This detailed analysis is even longer than the newspaper version, but also very informative. Like the Wall St. Journal, the blog post traces the history behind the design of the hardware and software systems that went into the MAX’s upgrade. Informed speculation describes how the systems of those aircraft caused the crash and, furthermore, how those systems came to be in the first place. As long as it is, I found it well worth the time to read in its entirety.

On my friend’s social media share, there was a comment to the effect that software developers should understand the underlying systems for which they are writing software. My immediate reaction was a “no,” and its that reaction I want to talk about here. I’ll also point out that Mr. Travis, the blog-post author and a programmer, is not blaming programmers or even programming methodology per se. His criticism is at the highest level; for the corporate culture and processes and for the regulatory environment which governs these corporations. In this I generally agree with him, although I could probably nitpick some of this points. But first, the question of the software developer and what they should, can, and sometimes don’t understand.

There was a time, in my own career and (I would assume) in the career of the author, that statements about the requisite knowledge of programmers made sense. It was probably even industry practice to ensure that developers of control system software understood the controls engineering aspects of what they were supposed to be doing. Avionics software was probably an exception, rather than the rule, in that the industry was an early adopter of formal processes. For much of the software-elements-of-engineering-systems industry, programmers came from a wide mix of backgrounds and a key component of that background was what programmers might call “domain experience.” Fortran could be taught in a classroom but ten years worth of industry experience had to come the hard way.

Since we’ve been reminiscing about the artificial intelligence industry of the 80s and 90s, I’ll go back there again. I’ve discussed the neural network state-of-the-art, such as it was, of that time. Neutral networks were intended to allow the machines to extract information about the system which the programmers didn’t have. Another solution to the same category of problems, again one that seemed to hold promise, was a category called expert systems, which was to directly make use of those experts who did have the knowledge that the programmers lacked. Typically, expert systems were programs built around a data set of “rules.” The rules contained descriptions of the action of the software relative to the physical system in a way that would be intuitive to a non-programmer. The goal was to be a division of labor. Software developers, experts in the programming, would develop a system to collect, synthesize, and execute the rules in an optimized way. Engineers or scientists, experts in the system being controlled, would create those rules without having to worry about the software engineering.

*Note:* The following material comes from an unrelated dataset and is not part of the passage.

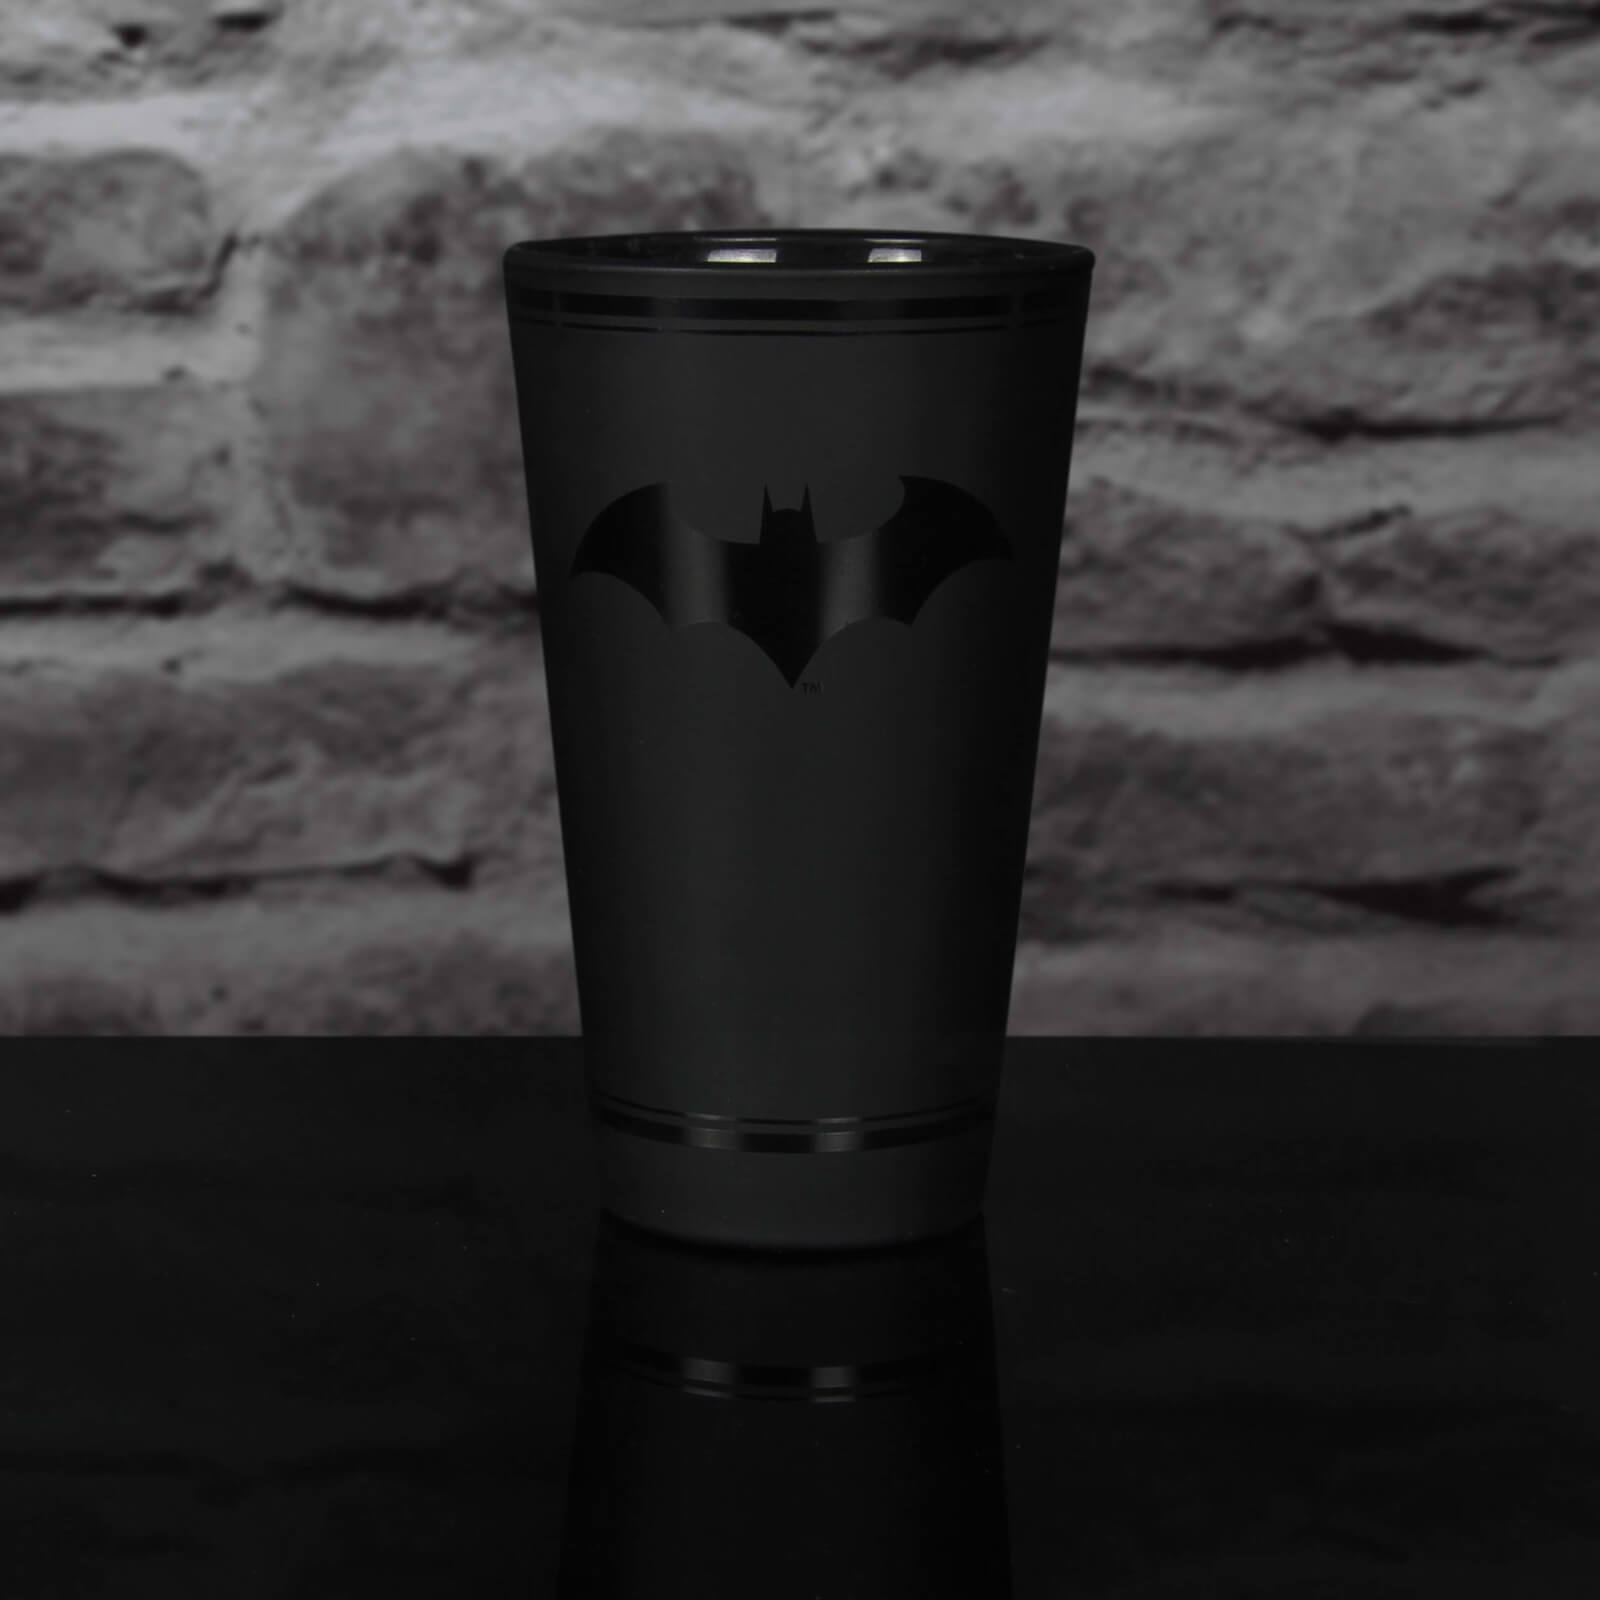 DC Comics: Batman - Tumbler Glass (400ml) image

Was this a good idea? In retrospect, maybe not. While neural networks have found a new niche in today’s software world, expert systems remain an odd artifact found on the fringes of software design. So if it isn’t a good idea, why not? One question I remember being asked way-back-when got to the why. Is there anything you can do with a rule-based system that you couldn’t also implement with standard software techniques? To put it another way, is my implemented expert system engine capable of doing anything that I couldn’t have my C++ team code up? The answer was, and I think obviously, “no.” Follow that with, maybe, a justification about improved efficiencies in terms of development that might come from the expert systems approach.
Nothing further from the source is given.